---------- DATA UNDER STUDY
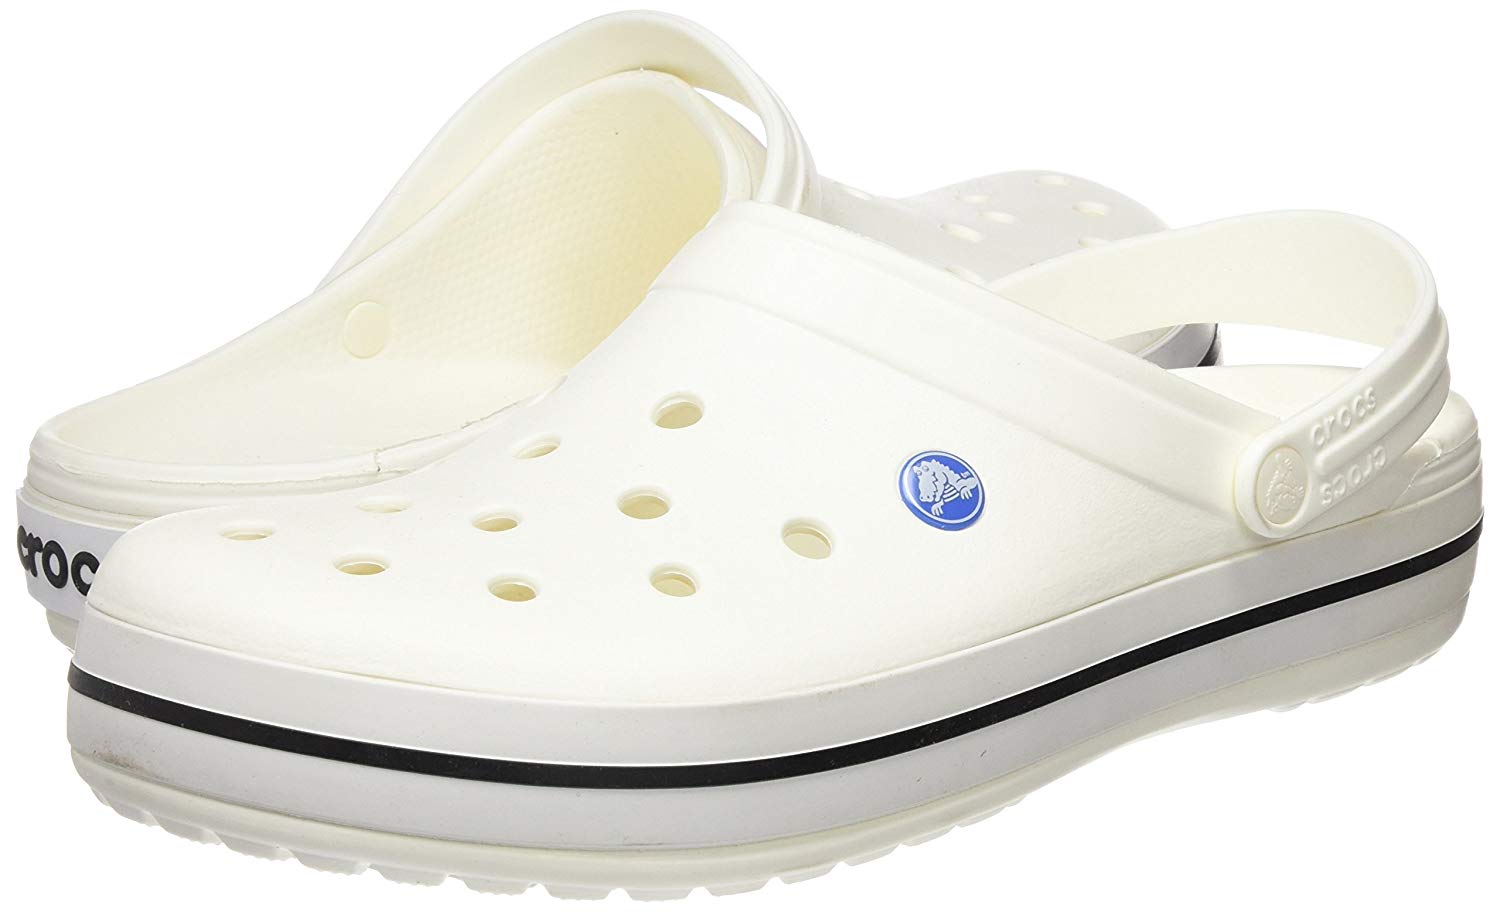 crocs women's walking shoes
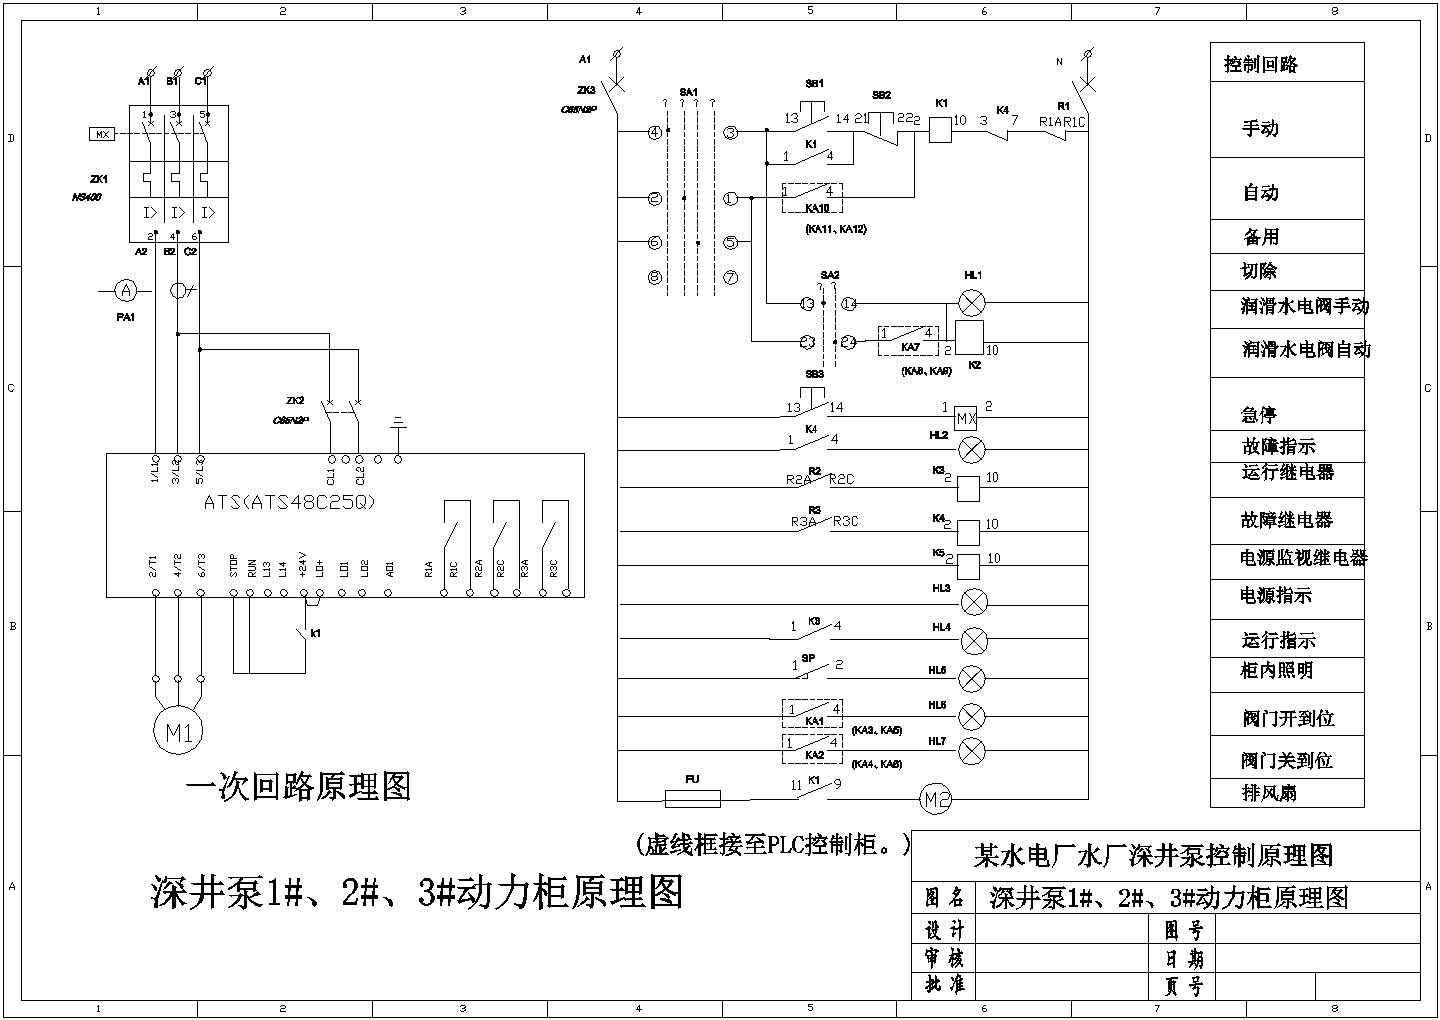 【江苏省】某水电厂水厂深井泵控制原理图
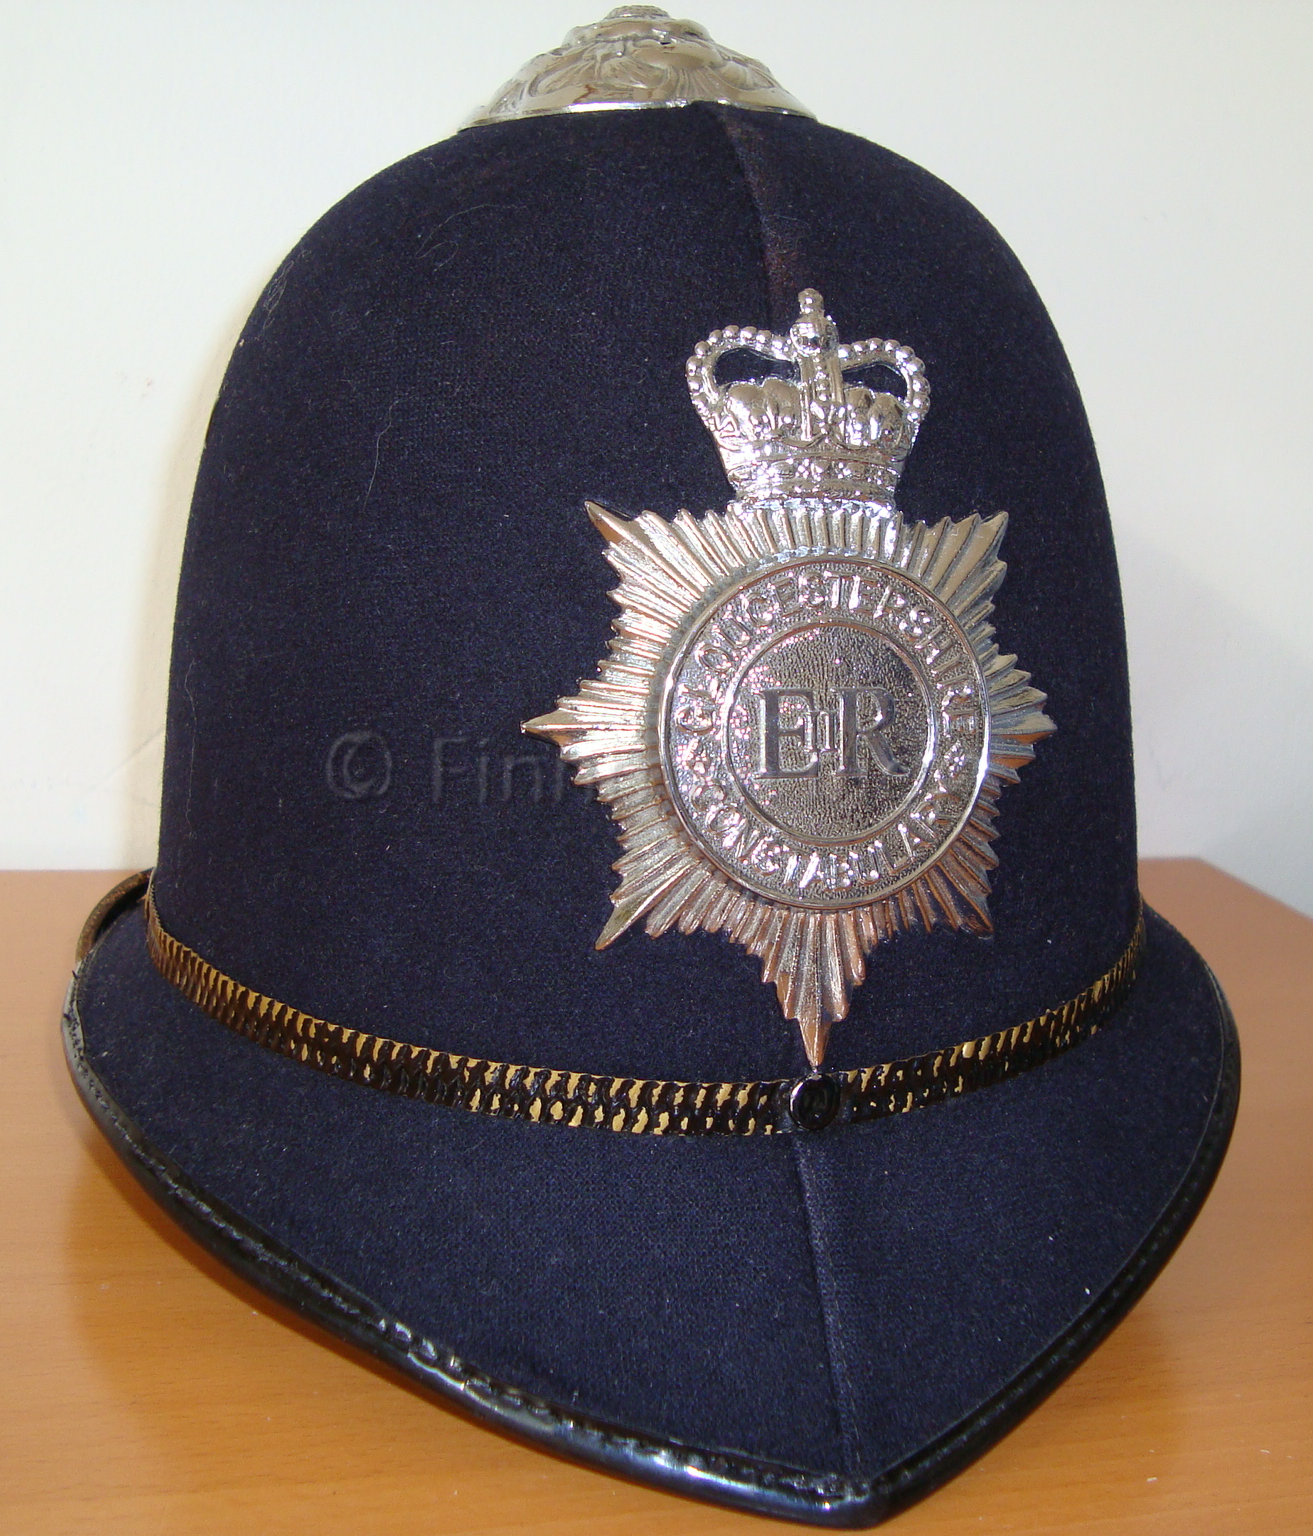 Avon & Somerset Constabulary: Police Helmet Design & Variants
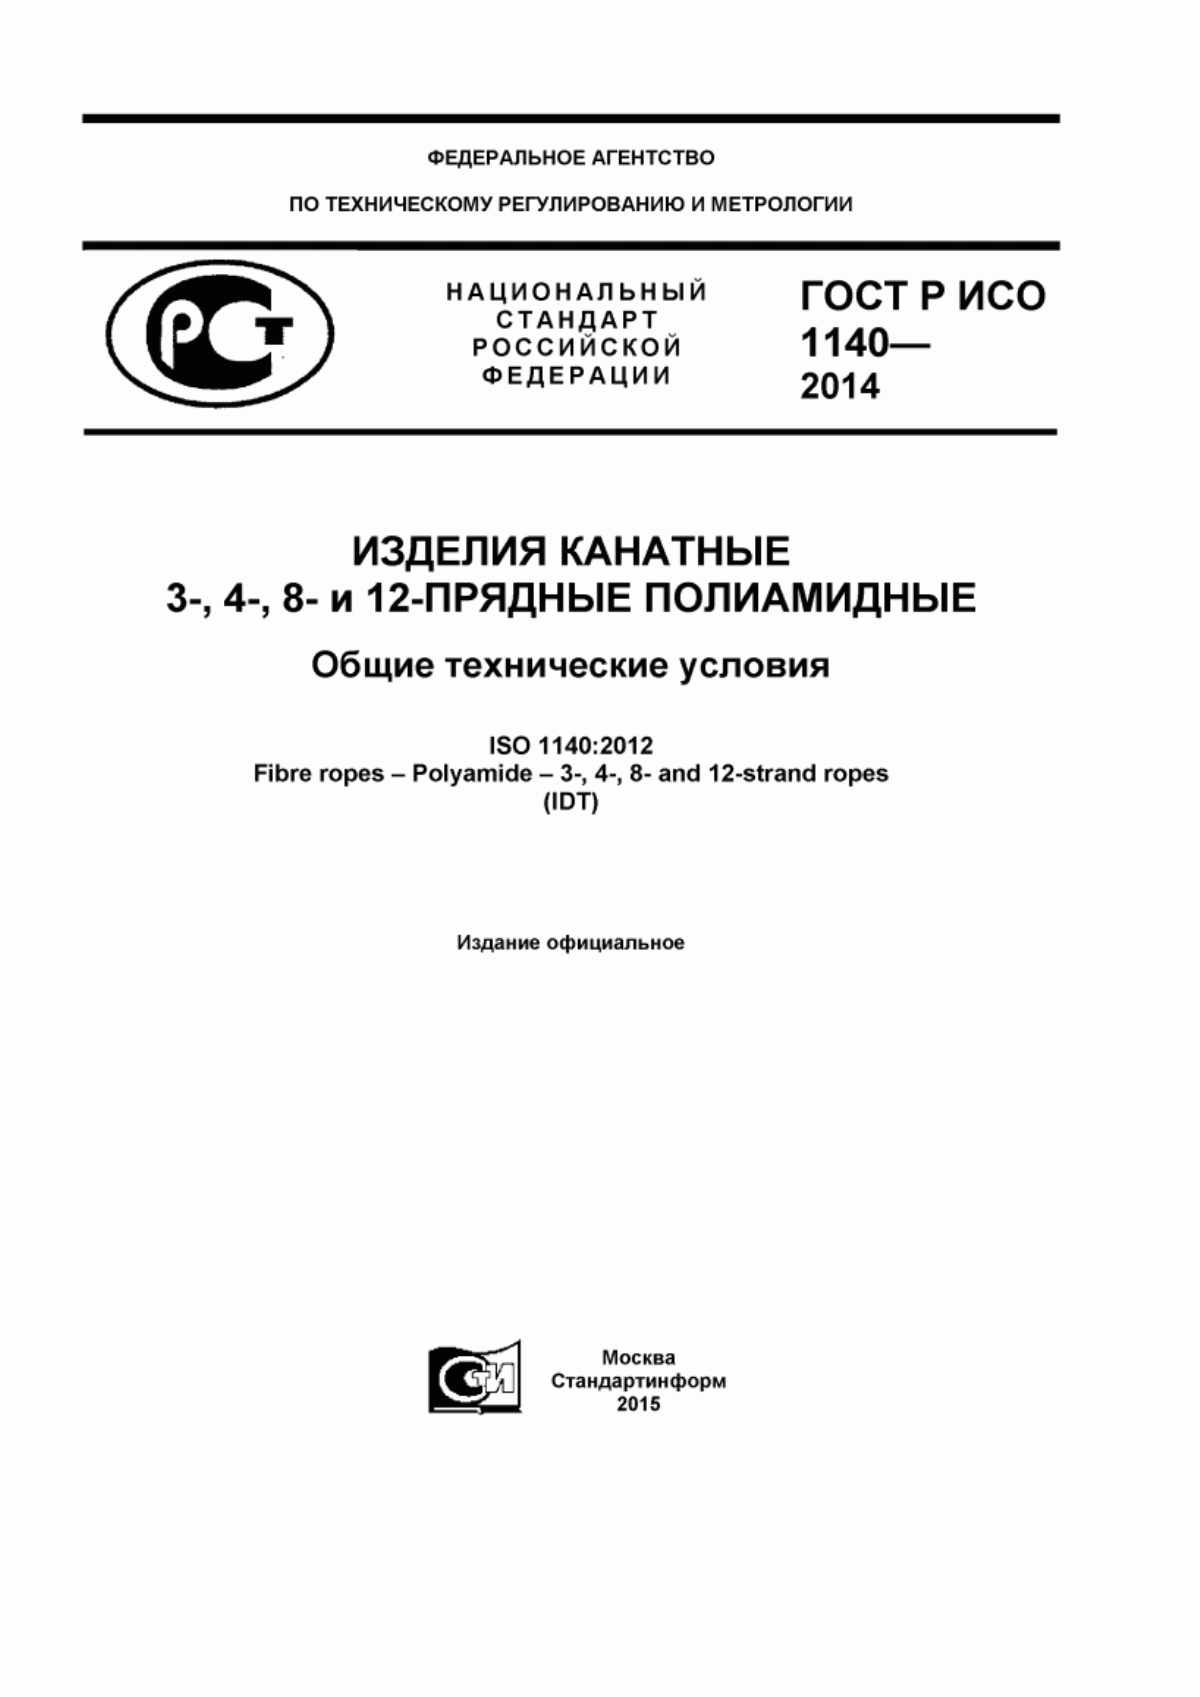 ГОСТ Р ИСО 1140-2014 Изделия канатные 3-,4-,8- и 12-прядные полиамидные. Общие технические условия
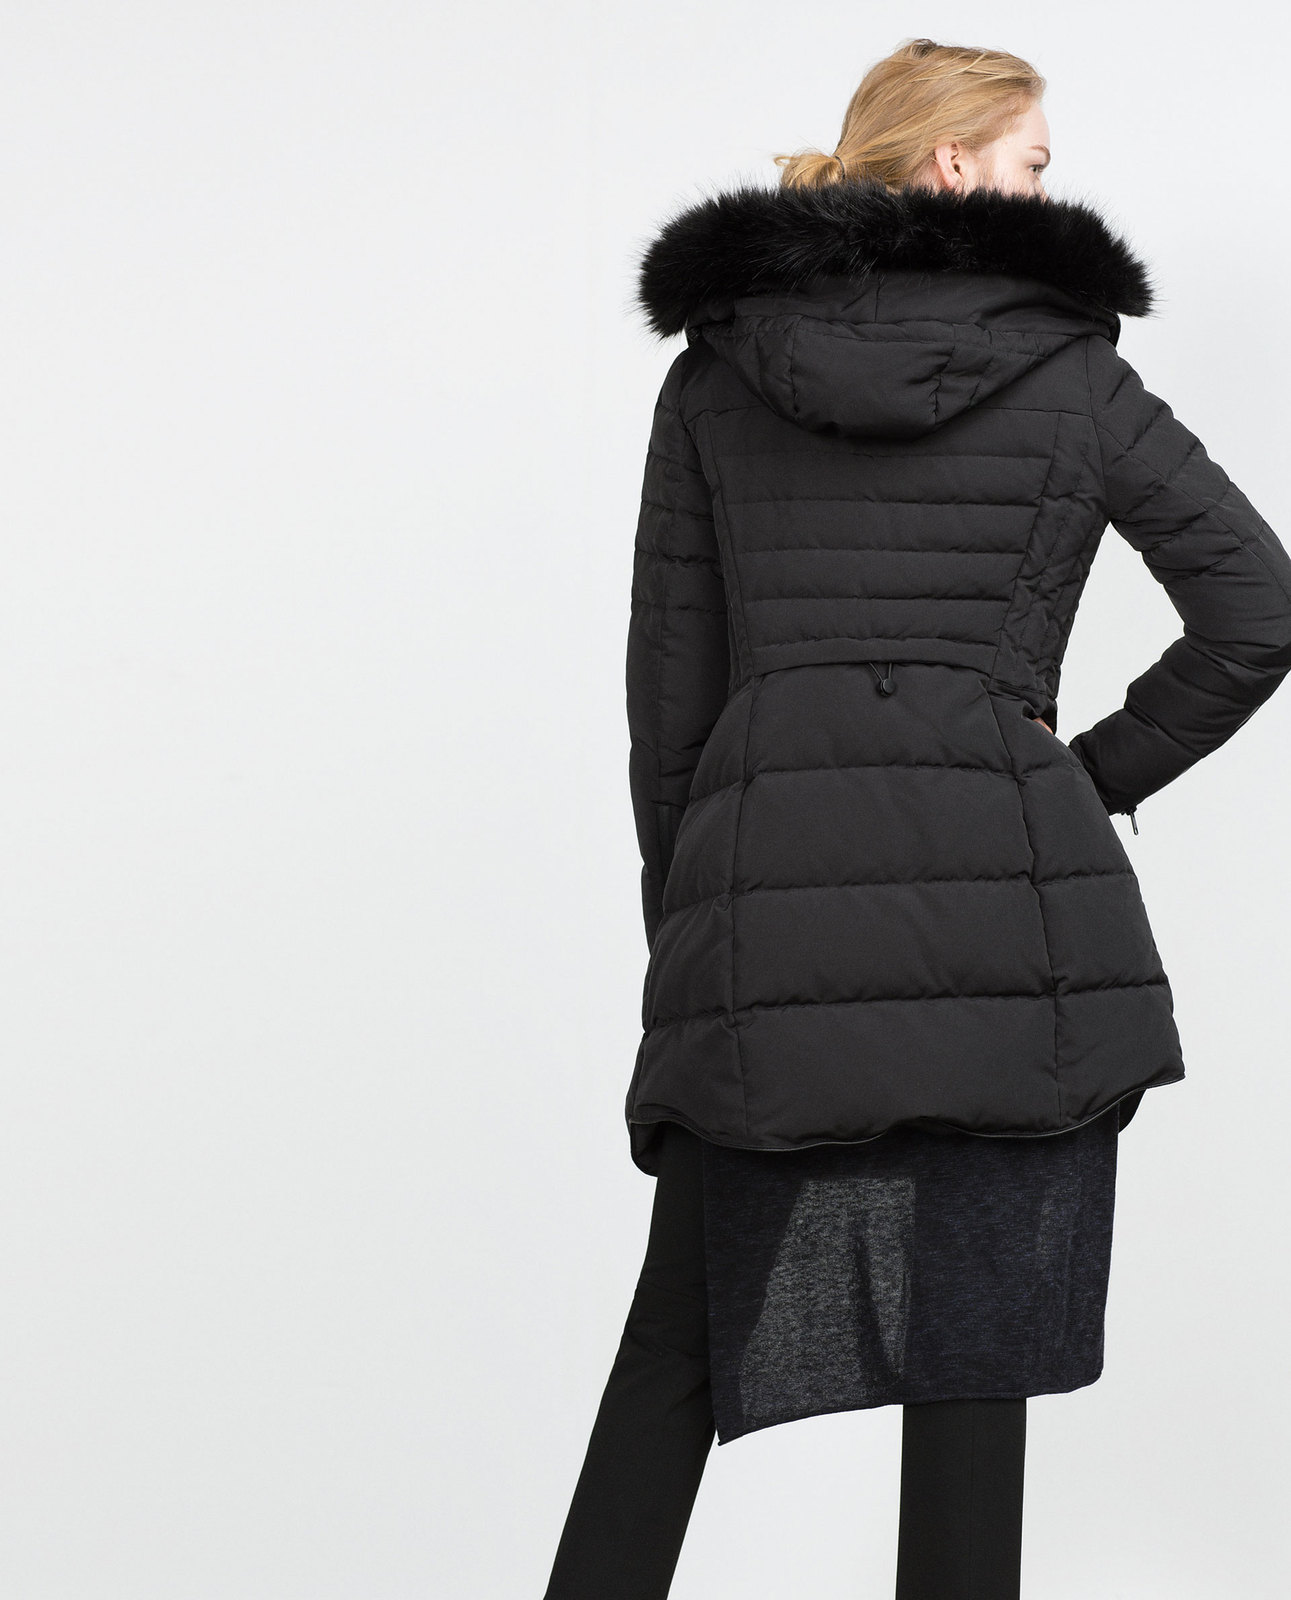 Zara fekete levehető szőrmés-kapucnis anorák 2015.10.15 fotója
--------------------
#### [WHAT THE TASK ASKS]
The preceding entries should be duplicated word for word; no picture belongs in the copy.

#### [RESPONSE AREA]
 crocs women's walking shoes
 【江苏省】某水电厂水厂深井泵控制原理图
 Avon & Somerset Constabulary: Police Helmet Design & Variants
 ГОСТ Р ИСО 1140-2014 Изделия канатные 3-,4-,8- и 12-прядные полиамидные. Общие технические условия
 Zara fekete levehető szőrmés-kapucnis anorák 2015.10.15 fotója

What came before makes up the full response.